Similar to how the library gathers execution traces from components during benchmark runs, we now have a parallel system for gathering configuration information. This enables better reproducibility and analysis by capturing all configuration parameters used during benchmark execution.

Key Components

1. ConfigurableMixin (maseval/core/config.py)

A new mixin class that provides configuration gathering capability to any component.
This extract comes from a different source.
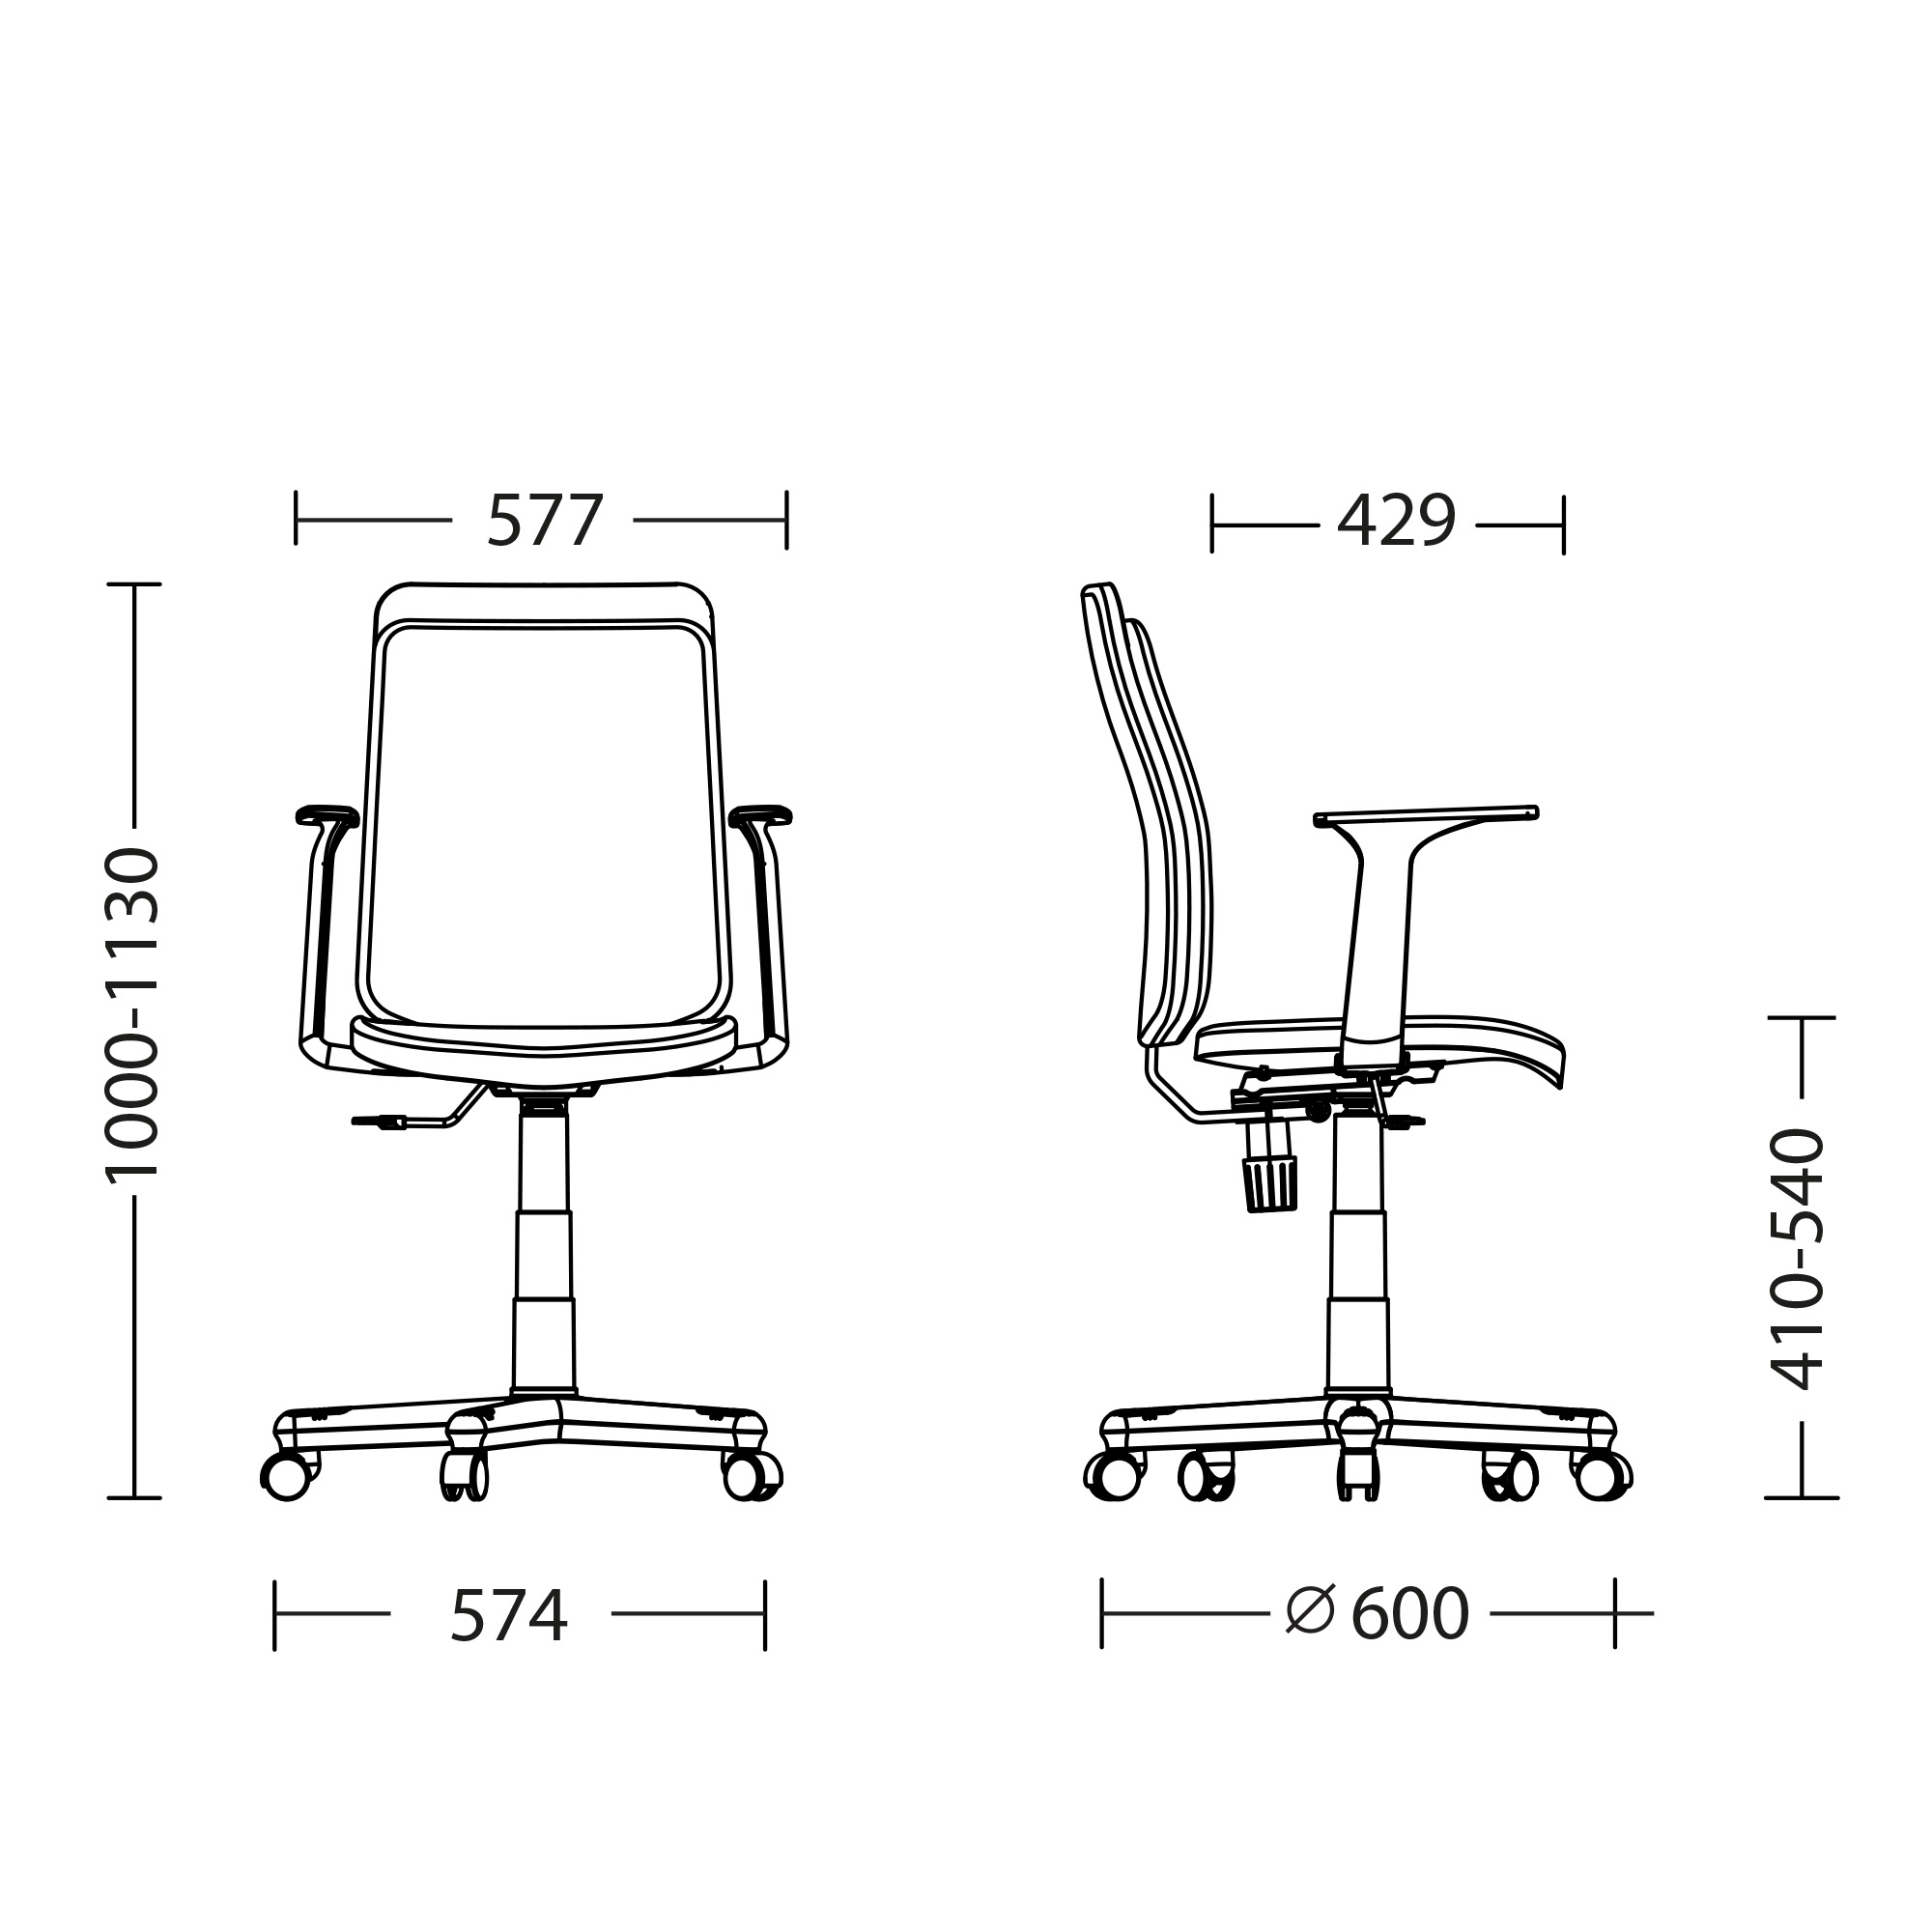 Кресла офисные высота спинки. Кресло Престиж габариты. Кресло Виктори новый стиль. Размер офисного кресла Престиж. Офисное кресло Размеры.

Similar to TraceableMixin, it provides:

  • A base gather_config() method that returns basic metadata (component type, timestamp)
  • Can be extended by subclasses to include component-specific configuration
  • Returns JSON-serializable dictionaries

Example usage:

class MyCustomTool(ConfigurableMixin):
    def __init__(self, temperature: float = 0.7, max_retries: int = 3):
        self.temperature = temperature
        self.max_retries = max_retries

    def gather_config(self) -> Dict[str, Any]:
        return {
            **super().gather_config(),
            "temperature": self.temperature,
            "max_retries": self.max_retries,
            "version": "1.0.0"
        }

2. Benchmark Integration

The Benchmark class now includes:

New Attributes

  • _config_registry: Registry for configurable components (cleared after each task repetition)
  • _config_component_id_map: Maps component IDs to registry keys
  • benchmark_configs: Persistent list storing configs across all task repetitions

Updated Methods

register(category, name, component) - Enhanced to handle both traces and configs

  • Now automatically registers components for BOTH trace and configuration collection
  • If a component inherits from ConfigurableMixin, it's registered for config collection too
  • Single method call handles all registration needs
  • No need for separate registration methods

collect_all_configs() - New method for configuration collection

  • Collects configuration from all registered components
  • Called automatically after each task repetition
  • Returns structured dictionary with categories:
  • metadata: Collection timestamp and thread info
  • agents: Dict mapping agent names to their config
  • models: Dict mapping model names to their config
  • tools: Dict mapping tool names to their config
  • simulators: Dict mapping simulator names to their config
  • callbacks: Dict mapping callback names to their config
  • environment: Direct config from environment (not nested)
  • user: Direct config from user simulator (not nested)
  • other: Dict for any other registered components

Updated Run Loop

The benchmark run loop now:

  1. Collects execution traces (existing)
  2. Collects execution configs (new)
  3. Stores both in persistent lists
  4. Adds config to each result dictionary

Result structure:

result = {
    "task_id": str(task.id),
    "output": agents_output,
    "eval": eval_results,
    "config": execution_configs  # NEW
}

3. Core Component Updates

All core components now inherit from both TraceableMixin and ConfigurableMixin:

  • AgentAdapter: Includes agent name, type, and callbacks config
  • ModelAdapter: Includes model_id config (subclasses can add parameters)
  • Environment: Includes tool count and tool configs
  • User: Basic config (subclasses can extend)
  • LLMSimulator: Includes model_id, max_try, and template presence
  • BenchmarkCallback: Basic config (subclasses can extend)
  • EnvironmentCallback: Basic config (subclasses can extend)
  • AgentCallback: Basic config (subclasses can extend)
  • UserCallback: Basic config (subclasses can extend)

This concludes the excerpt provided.